- Born: Robert B. Rivkin January 9, 1956 (age 70) Minneapolis, Minnesota, U.S.
- Genres: R&B, funk, rock, soul, new wave, Minneapolis sound
- Occupations: Musician, drummer, record producer
- Instruments: Drums, percussion, piano
- Label: Copycats
- Formerly of: Prince and the Revolution

= Bobby Z. =

American drummer (born 1956)

Robert B. Rivkin (born January 9, 1956), also known by the stage name Bobby Z., is an American musician and record producer, best known as being the drummer for Prince's backing band The Revolution from 1978 to 1986.

==Life and career==
===Early life===
Rivkin began his musical career at the age of six, playing several instruments before settling on the drums. In junior high school, he formed a small touring band in the Minneapolis area which included future Chicago Bears football coach Marc Trestman on rhythm guitar.

===Career with Prince===
Rivkin met Prince in the late 1970s as Prince was forming his first band for touring. He started running errands for Prince while working for Owen Husney, who is credited with discovering Prince. Rivkin's stage name, Bobby Z., was derived from the nickname his grandmother used to call him, "Butzie".

Prince was adamant about having a white drummer in an effort to have a racially diverse band, so Husney implored Prince to audition Rivkin. Rivkin replaced Dale Alexander during the 94East band sessions, prior to Prince moving into his own "For You" album sessions. Alexander later became the drummer for Prince's protege group Madhouse in 1987. Rivkin was acknowledged in Prince's self-titled album as being a "heaven-sent" helper alongside Andre Cymone. By the time the 1999 album was released, Prince was relying more and more on electronic drums and Rivkin had to adapt his style to operate these in concert as well as the studio, starting with Controversy. He contributed to Purple Rain, Around the World in a Day, Parade and Sign o' the Times. When The Revolution disbanded in 1986 after the Parade Tour, Prince selected Sheila E, the daughter of veteran Bay Area drummer and percussionist Pete Escovedo, for his new band.

===Career after Prince and The Revolution===
Bobby Z. produced The Suburbs' 1986 self-titled A&M Records album (credited as Robert Brent). In 1988 he produced tracks for Boy George's album, Tense Nervous Headache. Rivkin helped Wendy & Lisa on their debut album and he released his own self-titled album in 1989 (which included a re-recorded version of his song "River Run Dry", written for The Family). Since then he has focused more on producing for the record label division of Copycats Media.

===Health, recovery and reunions with Prince===
Bobby Z. suffered a heart attack in early 2010. After his recovery, he made it his mission to raise public awareness of heart attack warning signs and risk factors. He has lobbied Congress for continued research and he created a fundraising charity, "My Purple Heart", which went about raising both funds and awareness of heart disease.
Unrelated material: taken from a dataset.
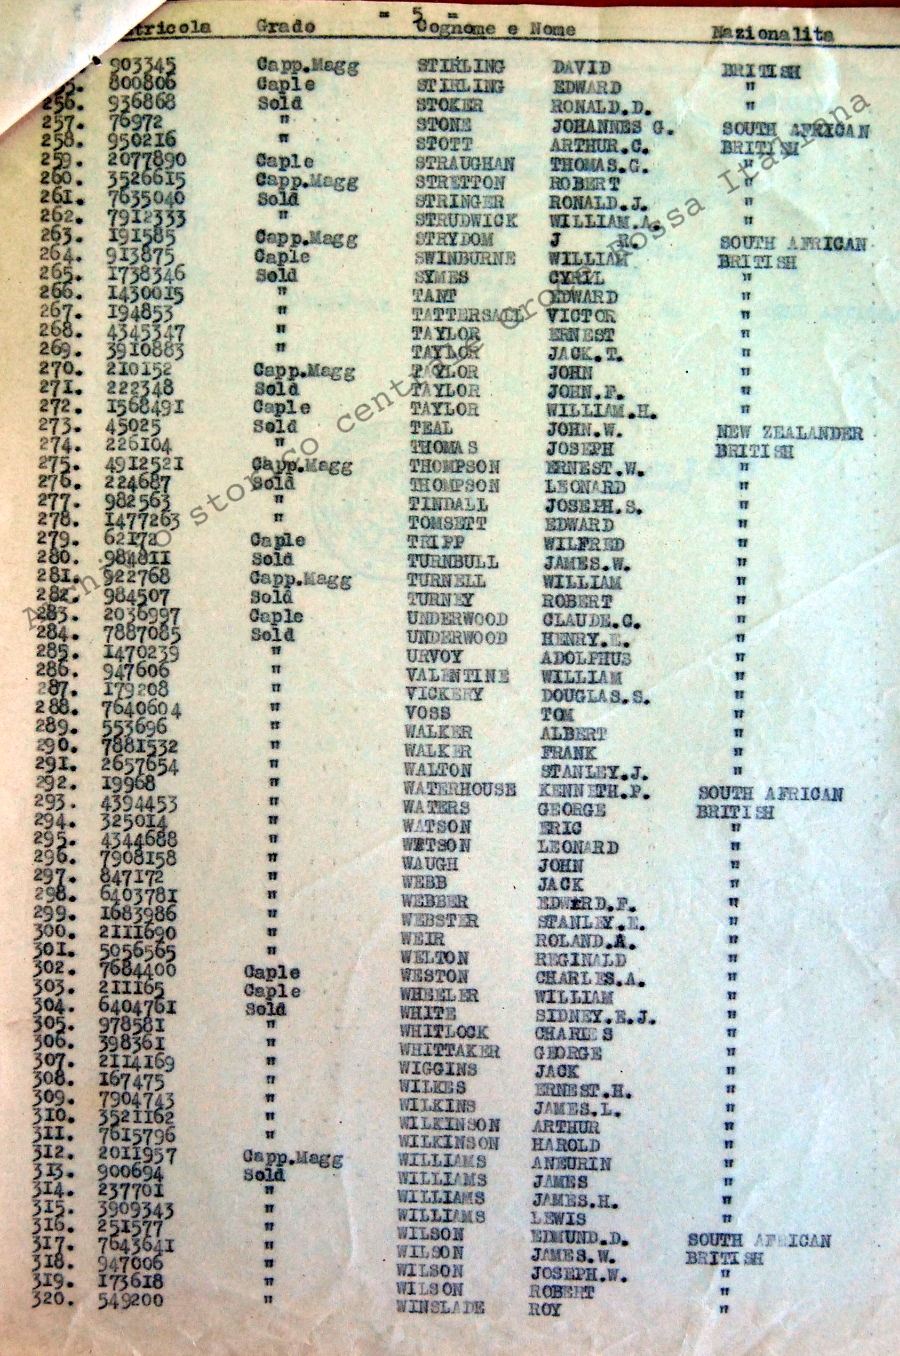 Ruolino di marcia relativo a 332 p.g. trasferiti il 21 luglio 1943
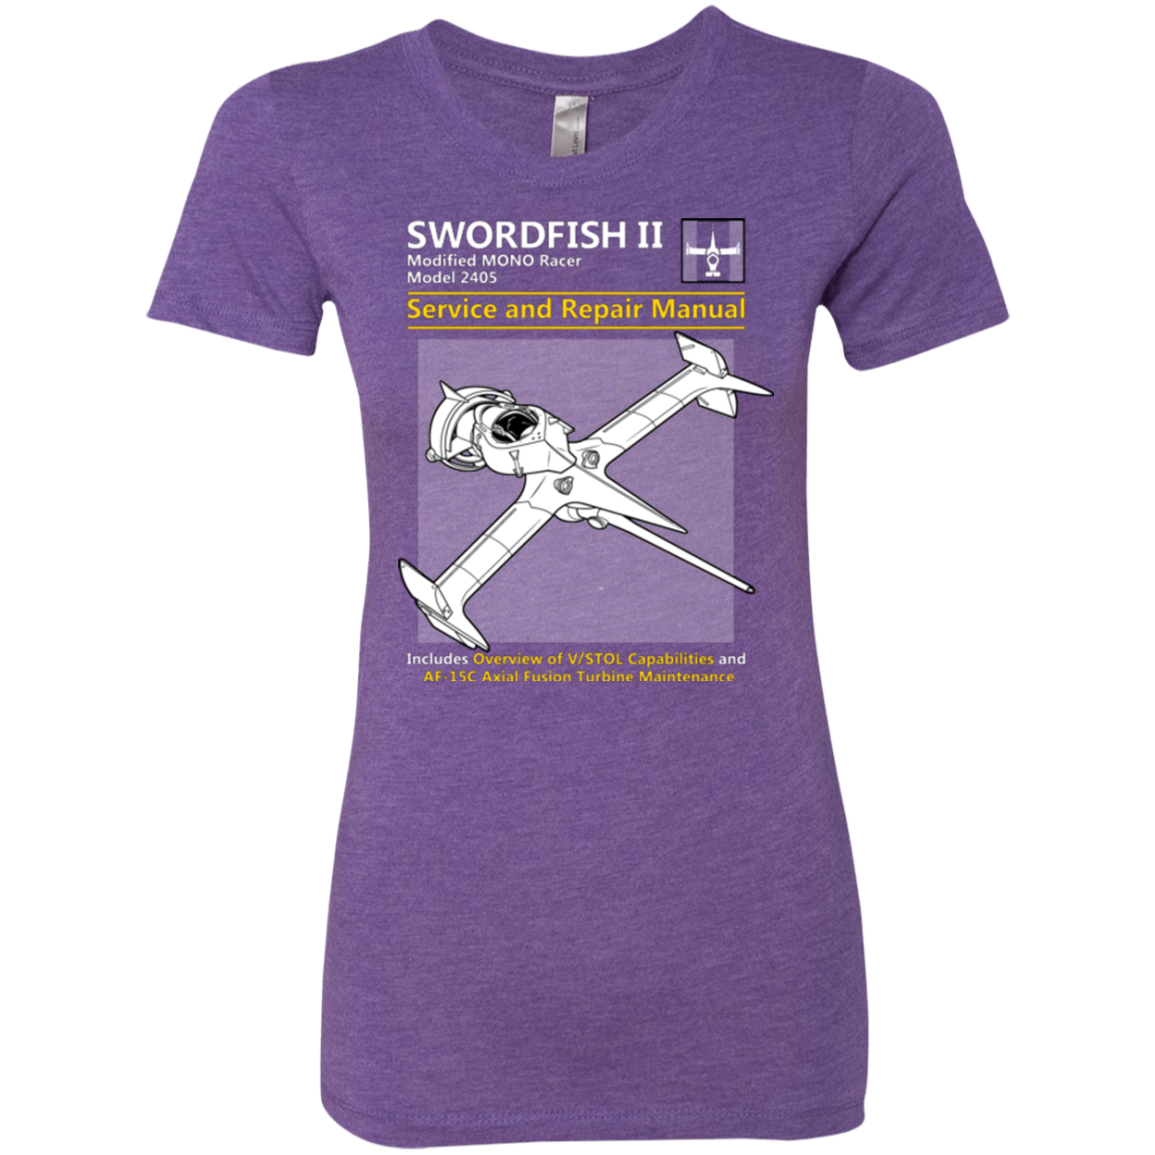 SWORDFISH SERVICE AND REPAIR MANUAL Women's Triblend T-Shirt

In 2011, he celebrated the one-year anniversary of surviving his near-fatal heart attack at First Avenue, with a rare reunion performance of The Revolution—Wendy Melvoin, Lisa Coleman, Brown Mark, Dr. Fink, Dez Dickerson, plus Eric Leeds, which raised funds to benefit heart-health awareness. The concert, billed as a 'Benefit 2 Celebrate Life!' and co-presented by Z and the American Heart Association, was the first time The Revolution had played since 2003.

My Purple Heart partnered with the American Heart Association again in 2013 to host a benefit concert and weekend block party at First Avenue on the second anniversary of his heart attack. Again, members of The Revolution appeared, as well as guests Maya Rudolph, Twin Cities musician and a runner-up on The Voice Nicholas David, Alexander O'Neal, André Cymone, Dez Dickerson, Dr. Fink, Wendy Melvoin and Questlove.

In May 2013, Bobby Z joined Prince on stage during the closing two shows of Prince's whirlwind 3rdeyegirl tour. Both shows were the same night with Bobby taking over from Prince's drummer Hannah Welton-Ford for "Purple Rain".

===Other projects===
Bobby Z hosted a weekly radio show on 96.3 K-TWIN in Minneapolis.

== Equipment ==
Drum kit with Prince in the 1980s:
- Ludwig kit
- Black Simmons SDSV pads
- Simmons SDSV Module
- Linn LM-1 Drum Machine
- LinnDrum Drum Machine
- Black Pearl Syncussion pads (x2)
- Pearl Syncussion Modules (x2)
- Zildjian 14" HiHat
- Zildjian 18" Crash
- Zildjian 20" Ride
- Zildjian 16" Crash

== Personal life ==
Bobby's brothers are Stephen E. Rivkin, a film editor and music video director, and David Z, a producer. He is married to his wife Vicki.